Sinfoniker feiern den Frühling in der Stadthalle

Das städtische Orchester widmete sich musikalisch der blühenden Jahreszeit – auch wenn es am Sonntag regnete.

Wuppertal. Weder Anton Weberns "Im Sommerwind" noch Robert Schumanns "Frühlingssinfonie" konnten das trüb-regnerische Schmuddel-Wetter in Wuppertal gestern verscheuchen.

Dennoch ist das Sinfonieorchester vom "Frühlingsdrang" getrieben, wie der Titel des 7. Konzerts in der Stadthalle verspricht. Und legt man rein spieltechnische und die Stimmung fördernde Maßstäbe an, werden tatsächlich alle Wünsche erfüllt.

Webern hat sein "Idyll für großes Orchester" 1904 als Student geschrieben - noch ganz in spätromantischer Tradition dem Programm eines Gedichts von Bruno Wille folgend, das sinnlich wahrnehmbare Naturvorgänge schildert.

Doch wie das Orchester unter Toshiyuki Kamioka die versonnenen, feierlichen und bewegten Passagen nimmt, das schafft eine ungemein spannungsreiche Dichte. Säuselnde Geigen, träumerische Flötenweisen und zitternde Harfenklänge treffen immer wieder auf die Wucht des groß besetzten Orchesters im Wagner-Gestus. In Erinnerung aber bleiben vor allem das beseelte und wundervoll singende Orchester-Piano, das den Hauch der lauen Lüfte geradezu körperlich spürbar macht.

Felix Mendelssohn Bartholdys "Reformationssinfonie" in d-Moll fügt sich im weichen Schwellen des "Andante" gut an, steigert sich aber im Kopfsatz zu höchster Dramatik mit prägnanten Bläsersignalen. Nach dem "con-fuoco"-Schluss braucht selbst der Dirigent, wie immer mit ganzem Körpereinsatz leitend, eine kurze Verschnaufpause.

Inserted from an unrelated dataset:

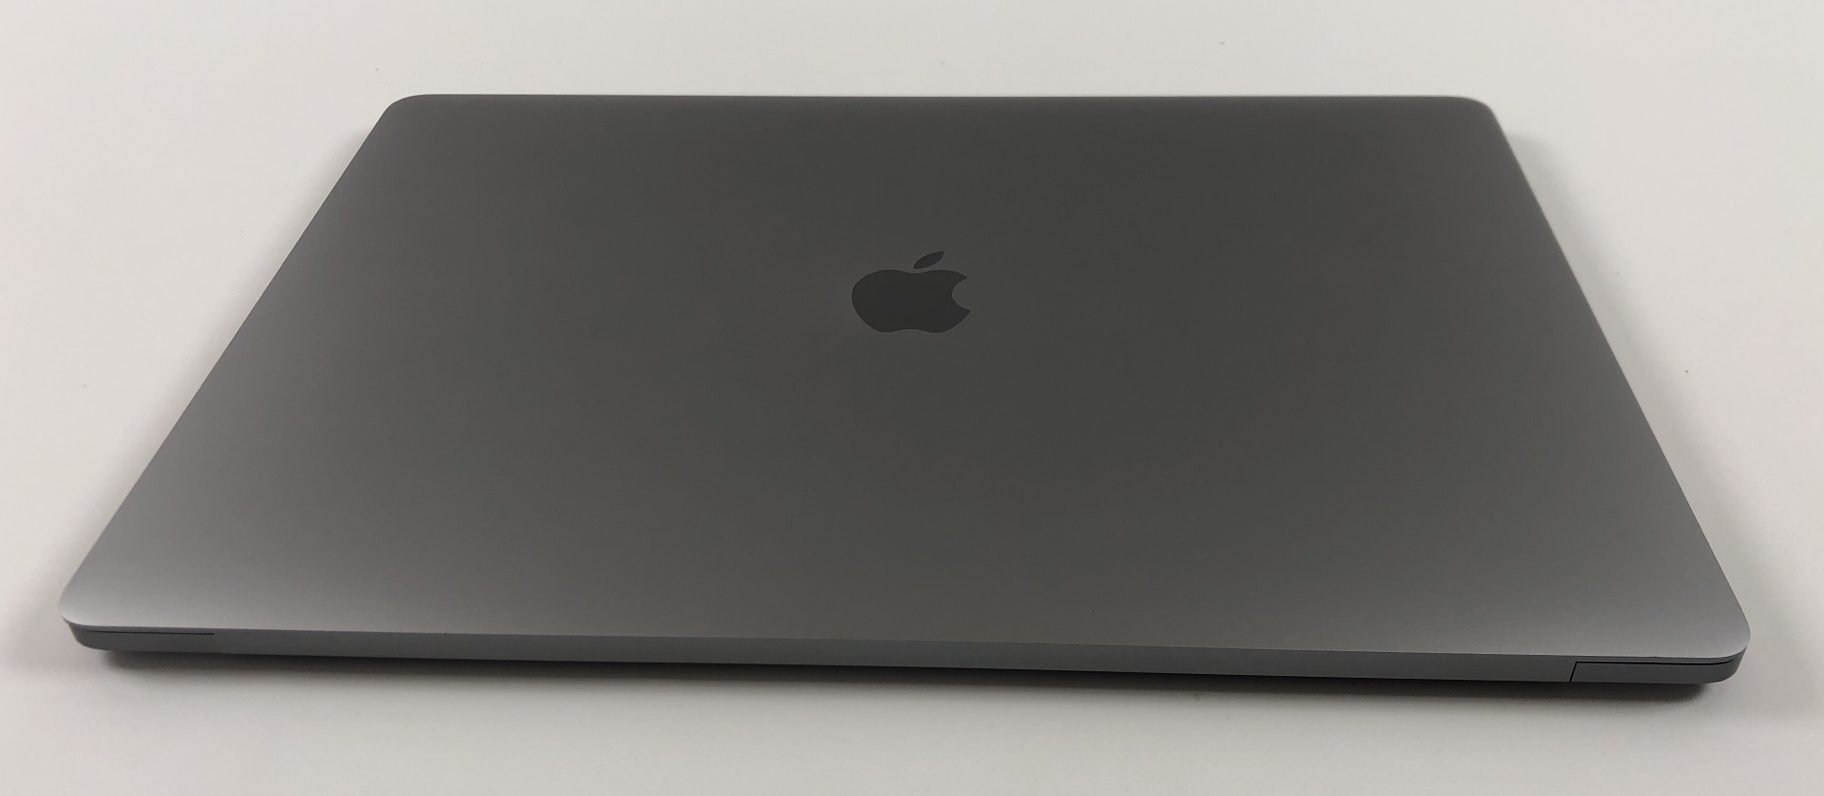 "MacBook Pro 15"" Touch Bar Mid 2017 (Intel Quad-Core i7 2.9 GHz 16 GB RAM 512 GB SSD), Space Gray, Intel Quad-Core i7 2.9 GHz, 16 GB RAM, 512 GB SSD, imagen 2"

Das "Allegro vivace" dagegen ist ein sehr entspannter, beschwingter, tänzerischer Satz - im Frühling durchaus im Freien zu tanzen. Im Finale verarbeitet Mendelssohn den Choral "Ein feste Burg ist unser Gott" und schafft sakrale Feierlichkeit durch reiche Harmoniefolgen und Steigerungen ins Heroische.

Ebenfalls nicht durchgängig frühlingshaft entspannt kommt Schumanns "Frühlingssinfonie" daher, seine erste Sinfonie in B-Dur. Immerhin ließ auch er sich von einem Frühlings-Gedicht von Adolf Böttger anregen. Da geht es um schwere Wolken, graue Schleier, wallenden Nebel, um Tränen im Gesicht und Schatten auf der Seele.

Den Schluss "O wende, wende deinen Lauf - Im Tale blüht der Frühling auf" wollte er zum Leitgedanken der Sinfonie machen. Dennoch kann auch die tirilierende Flöte nicht über die gedämpfte Stimmung hinwegtäuschen, die sich erst langsam hebt. Latente Traurigkeit und pochende Unruhe durchzieht die Sätze, denen Bläser-Soli und Streicherfiguren ab und zu freudigere Glanzpunkte aufsetzen.

Im Finale endlich hält der Frühling mit einem Fest Einzug in der Stadthalle: Orchester-Fanfaren treffen auf leicht gestrichelte Streicher-Melodik, Einwürfe dunklerer Färbung setzen sich kaum noch durch, Flöten-Triller und Hörner begrüßen ihn in munterem Wirbel: Auch bei Schumann ist es endlich Frühling geworden.